While his Frog-End mates were driving thither-ward in the tip-cart, and talking about him, Master Oily Burdeen, the third hero in our story (counting the twins as one), was standing before a bureau in Mrs. Murcher's best corner room, and smiling graciously at his image in the oval-shaped looking-glass.
He held a hair-brush in his right hand and a comb in his left, and after giving his sleek locks an artistic touch or two, he would tip the mirror a trifle and recede a step, to get a still more pleasing view of his personal perfections.
It was not his own room, there in the new part—the swollen cheek, as it were—of the summer boarding-house. Nor can I have the satisfaction of declaring that it was his own brush and comb with which he was making so free, nor his own cologne that had imparted to his naturally rough, rusty hair its extraordinary fragrance and smoothness. But the broadly smiling mouth, snub nose, and freckles were possessions nobody would have thought of disputing with Master Olly; and the tolerably well-fitting, genteel, grayish-brown suit he had on had belonged to him about eight hours.
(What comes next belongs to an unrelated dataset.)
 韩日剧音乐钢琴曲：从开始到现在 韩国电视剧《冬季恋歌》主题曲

Olly Burdeen was not, in fact, one of Mrs. Murcher's boarders. He was only a boy-of-all-work employed by her for the season. The room belonged to Mr. Hatville, who had gone yachting that afternoon; and Olly had taken temporary possession to admire himself in his new clothes before the convenient glass.
For new they were to him, although they had been rather well worn that summer by the friendly young boarder, who, on departing in the morning, had made Oily a present of them in return for the errands Oily had done for him.
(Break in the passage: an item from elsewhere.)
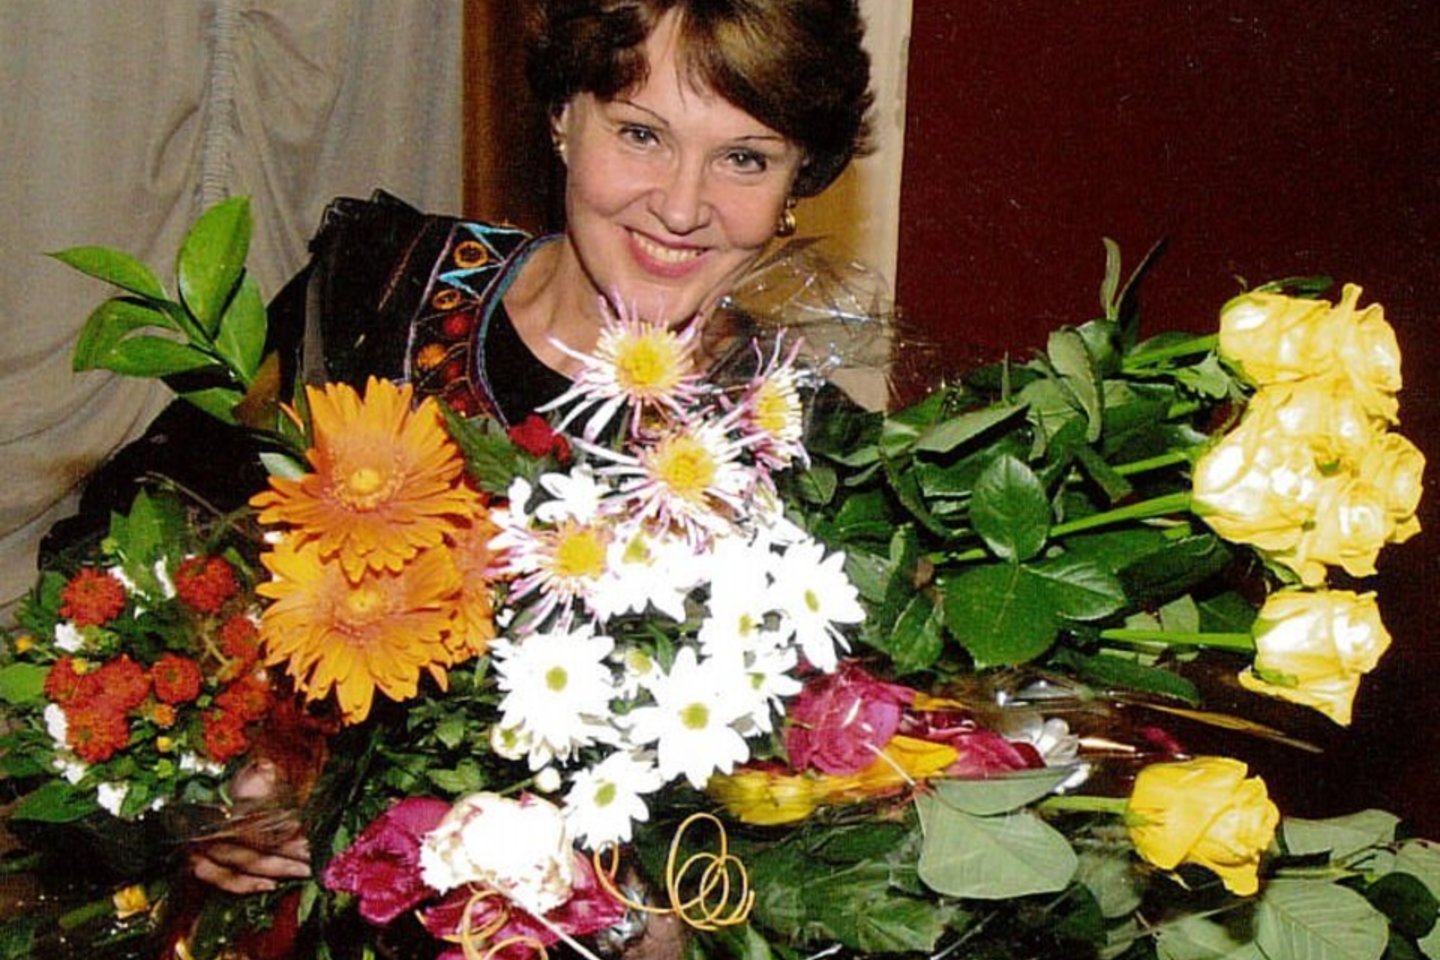  Dainininkė Giedrė Kaukaitė po 35-mečio sceninės ir 25-mečio pedagoginės veiklos minėjimo Vilniaus rotušėje 2002 metais.<br>Asmeninio archyvo nuotr.

This was the first opportunity to try them on that the proud recipient had found. He had never in his life worn anything so stylish, and we can smile tolerantly at the innocent vanity with which he surveyed himself in Mr. Hatville's mirror. His liberal use of Mr. Hatville's hair-brush and cologne-bottle was not, perhaps, so excusable. And when with fearful joy he took from its embroidered case by the mirror the tempting gold watch which Mr. Hatville had, either by accident or design, left hanging there, on changing his clothes that afternoon to go yachting,—when, I say, Master Burdeen lifted out that valuable time-piece by its dangling chain, and placed it in the watch-pocket of his new waistcoat, it must be owned that he was carrying his ideas of hospitality too far.
"It only needed a watch to set it off," he said; "and here it is!"
In his button-hole he hooked the gold guard, letting the heavy seal hang, and the chain fall in a graceful curve on his vest. Then he drew out the watch and opened it with a pressure of the spring (it was a hunter's case), and looked at the time; shutting it again with a delightful snap, and replacing it in his pocket, as he strutted the while with amiable satisfaction before the tilted glass.
"I'll have just such a watch of my own some day," he said to himself, proudly, "and just such a gold chain, with a seal as big as that! See if I don't!"